Scheduling redun workflows#

Redun attempts to allow users to naturally express complex workflows, while still allowing the scheduler to execute them correctly and efficiently. For many cases, the default settings are both safe and effective, and will “just work” as expected. However, caching and scheduling complex workflows is non-trivial, so redun offers users the ability to customize the behavior in certain ways. This section reviews the essential guarantees and properties of the redun scheduler, to assist users needing to customize or understand the execution behavior more closely.

For more background on the design of the caching behavior and the scheduler, we also provide further implementation notes.
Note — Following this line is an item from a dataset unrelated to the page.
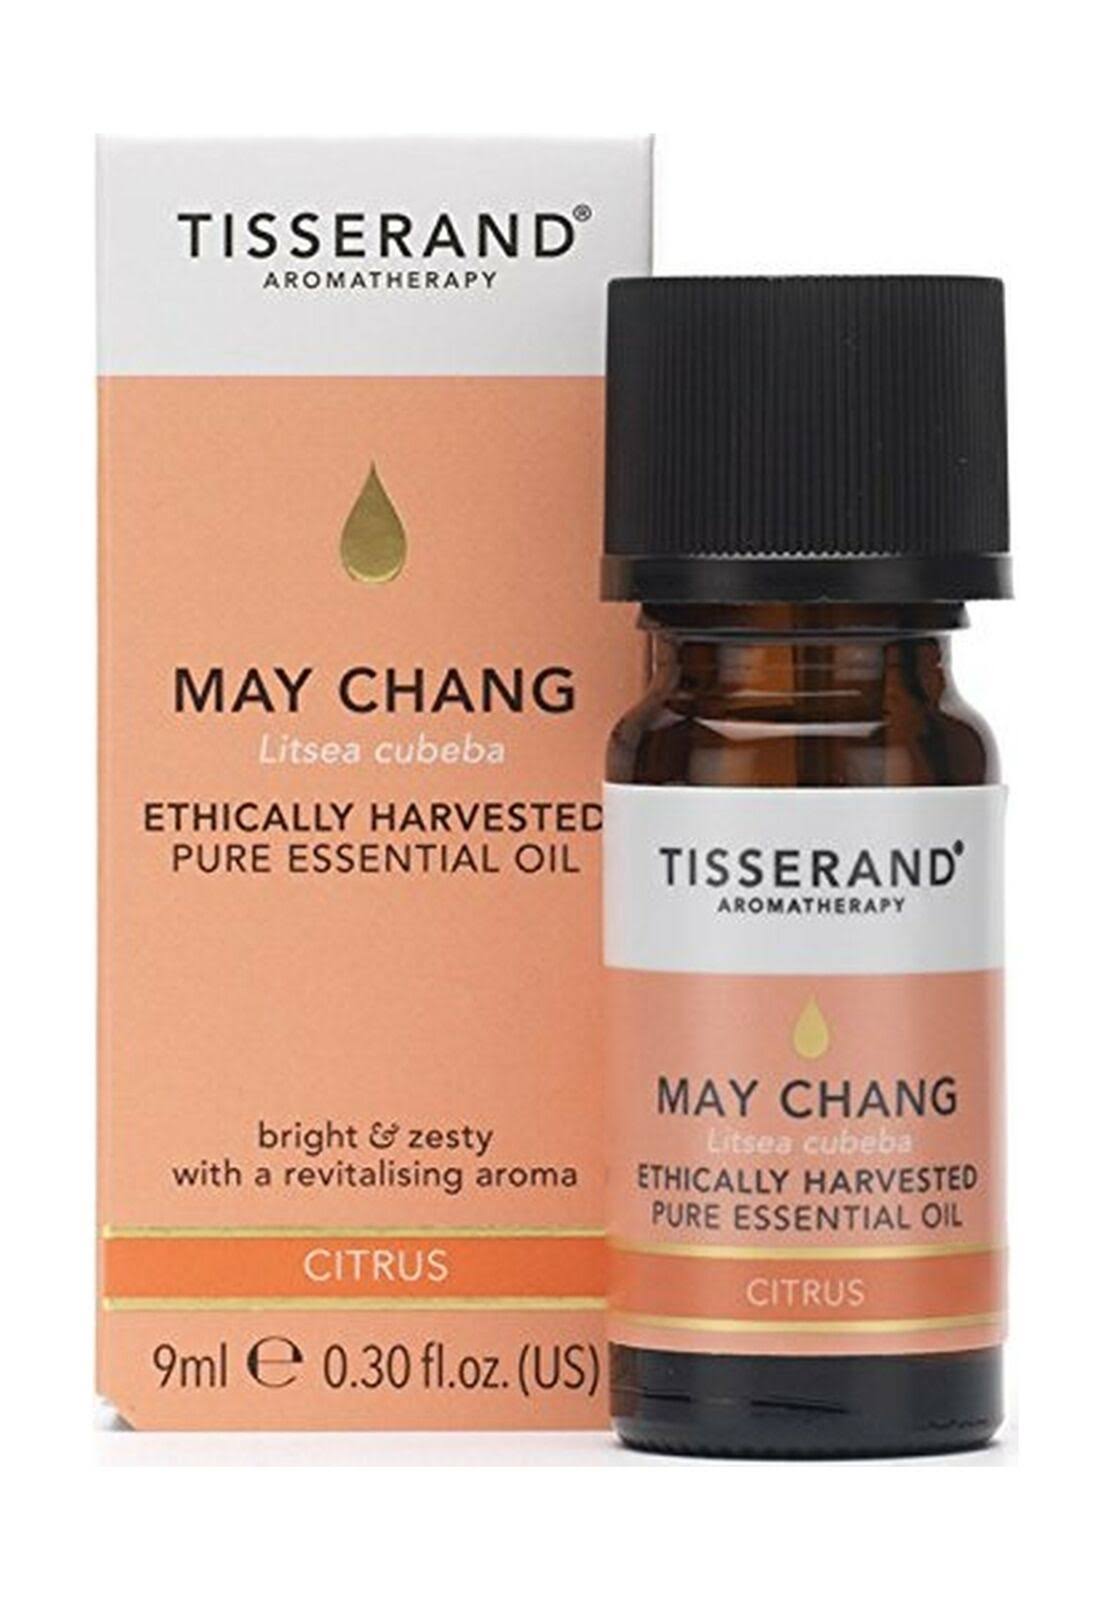 Tisserand Aromatherapy May Chang Pure Essential Oil

Core principles of the scheduler#

The redun scheduler operates on these principles:

Running a workflow with caching should produce the equivalent result as running without, up to the cache approximation preferences of the user.
The behavior of a workflow should not depend upon the computation time of the tasks involved, including when their computation time is effectively zero because of a cache hit.
Each expression is run exactly once in an execution.
When considering using a cached result from another execution, the scheduler should check for reactivity to changing code or to the “validity” of the cached values (up to the cache approximation preferences of the user). Within an execution, it does not do so.

Redun implements three interrelated but distinct ideas related to the efficient execution of workflows:

Unique expressions: Within a single execution of a workflow, there are some situations where we identify that an entire expression is reused and should only be run once.
Common Sub-expression Elimination (CSE): Within a single execution of a workflow, we look for cases of a Task being rerun with identical inputs, allowing us to reuse the result.
Caching: We look for opportunities to reuse the results of a Task from a different execution. Additional checks are required to ensure this is appropriate.

Although CSE is a form of caching/memoization, as much a possible, we reserve the term “caching” for cases where the result came from a different execution, whereas CSE is within a single execution. We explain these in detail in the following sections.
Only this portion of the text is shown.